▶ **Supplied information**:
+===+
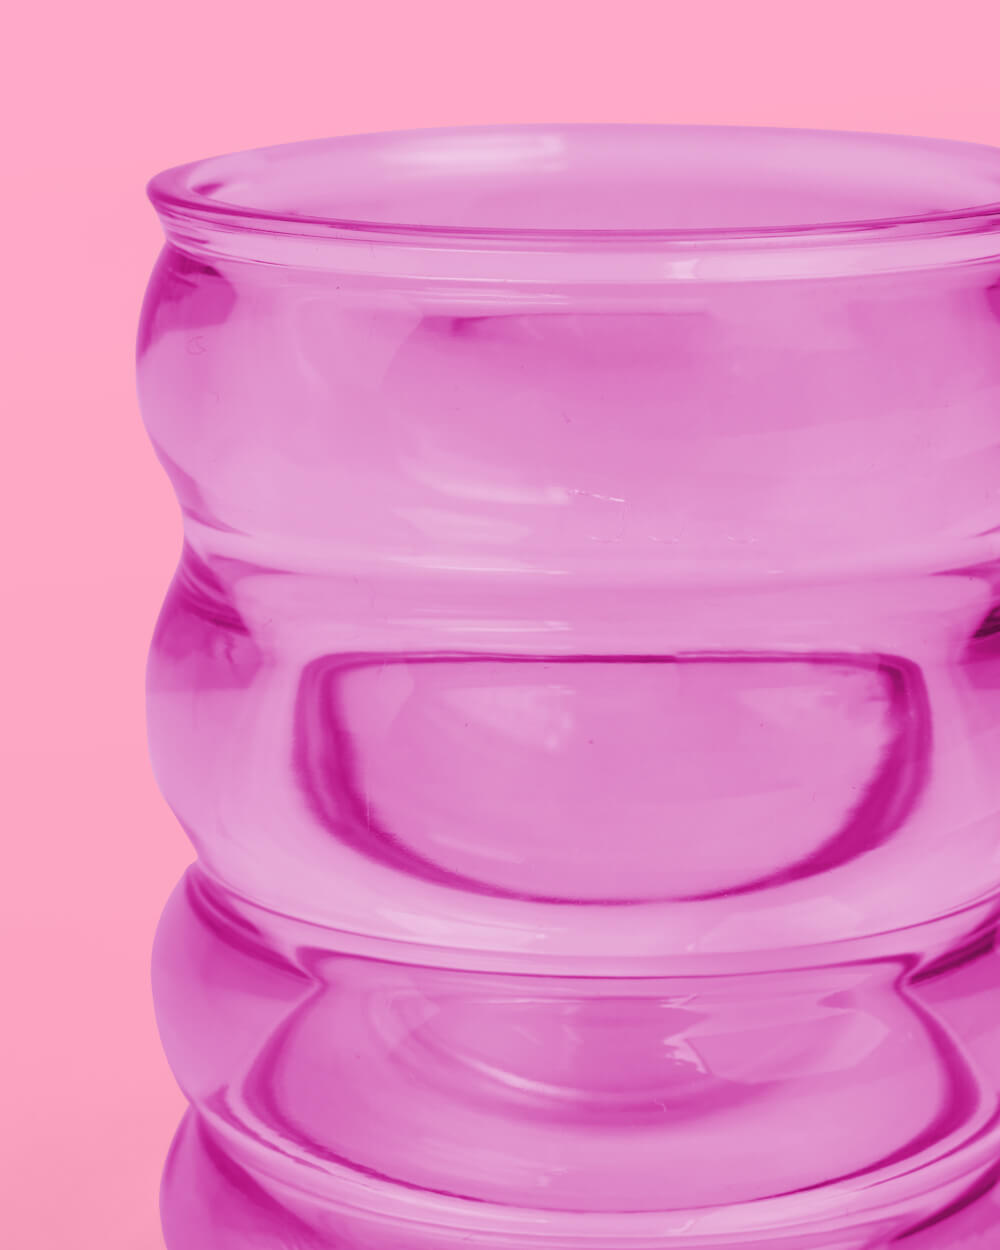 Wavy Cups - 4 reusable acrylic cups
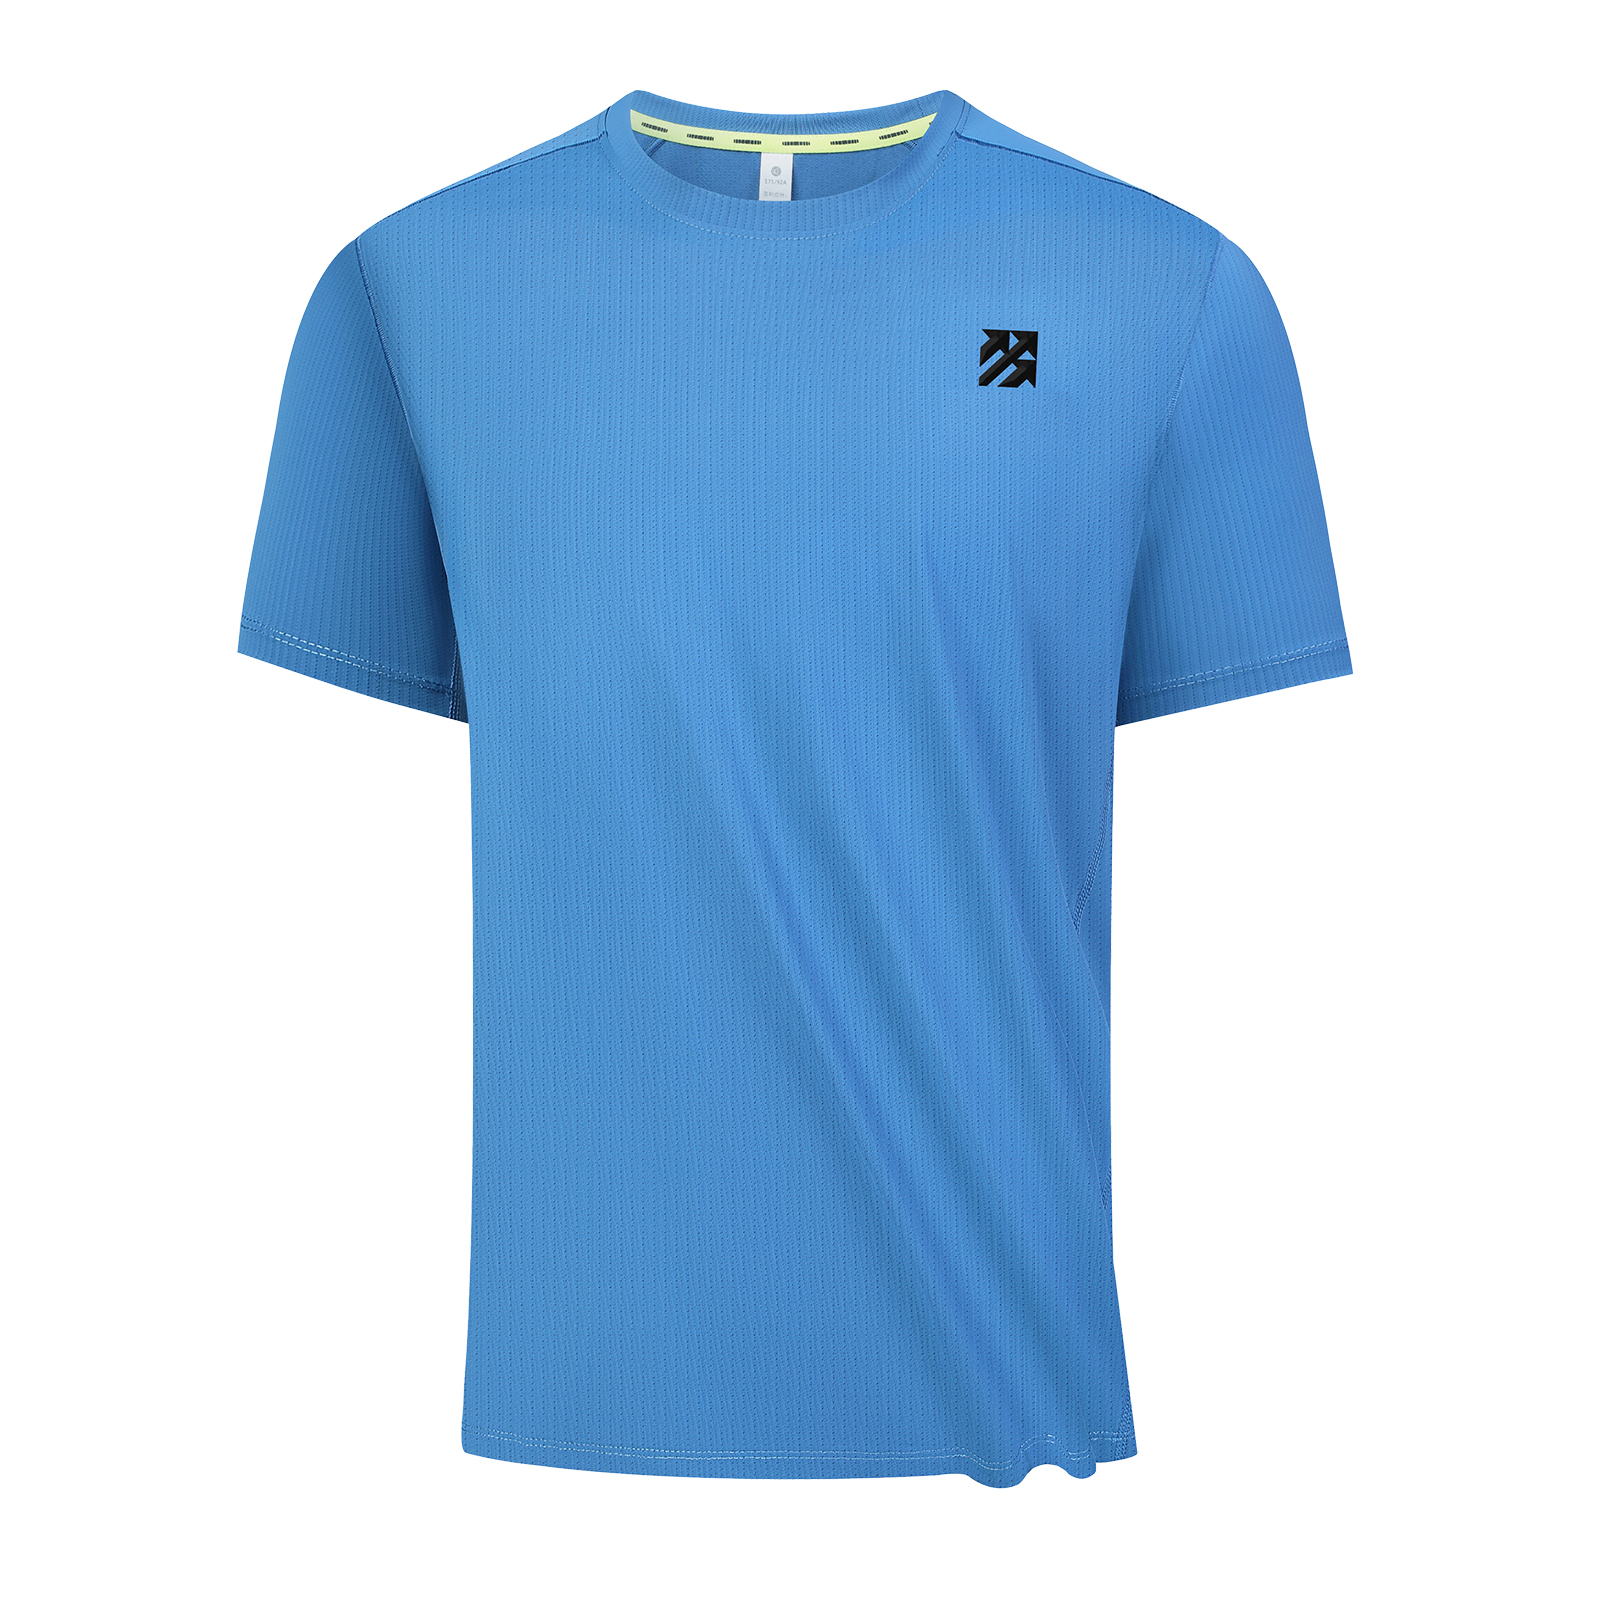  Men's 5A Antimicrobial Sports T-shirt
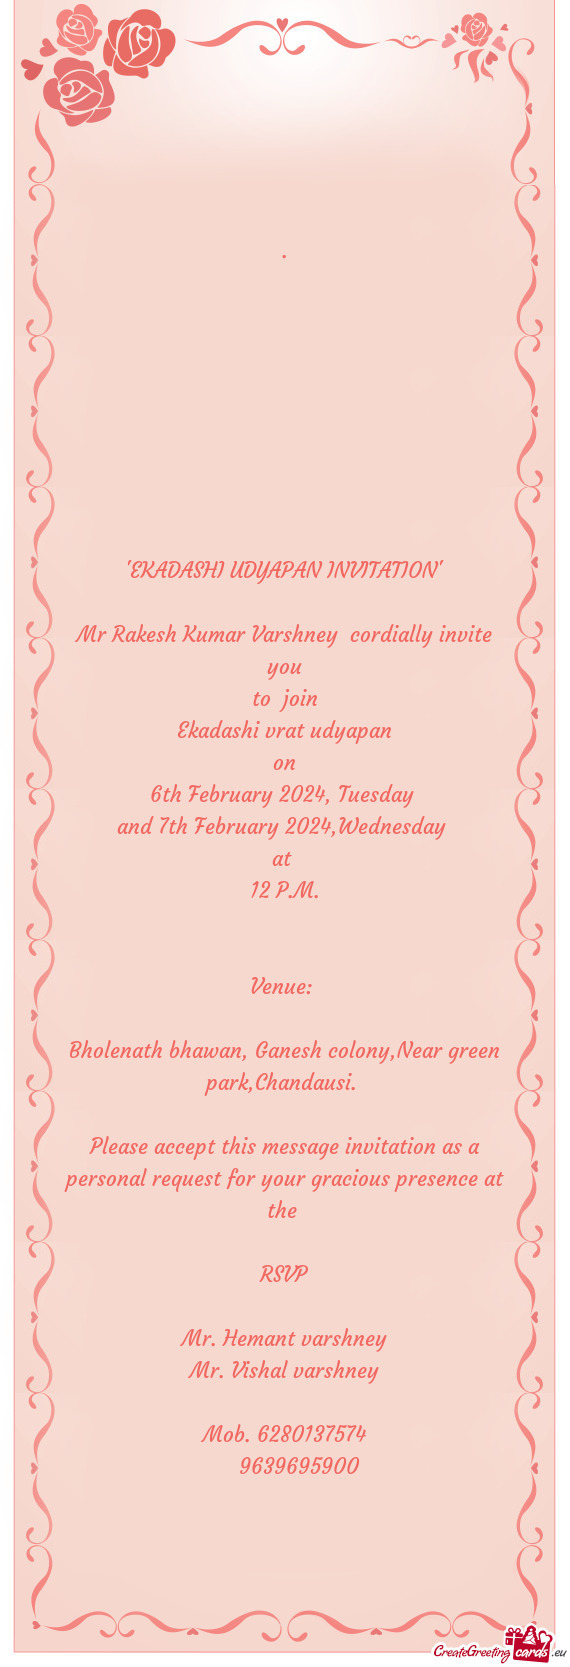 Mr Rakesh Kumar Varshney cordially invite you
+===+
▶ **What is expected**: Retype all of the listing above exactly, but keep its pictures out.

▶ **Task answer**:
 Wavy Cups - 4 reusable acrylic cups
  Men's 5A Antimicrobial Sports T-shirt
 Mr Rakesh Kumar Varshney cordially invite you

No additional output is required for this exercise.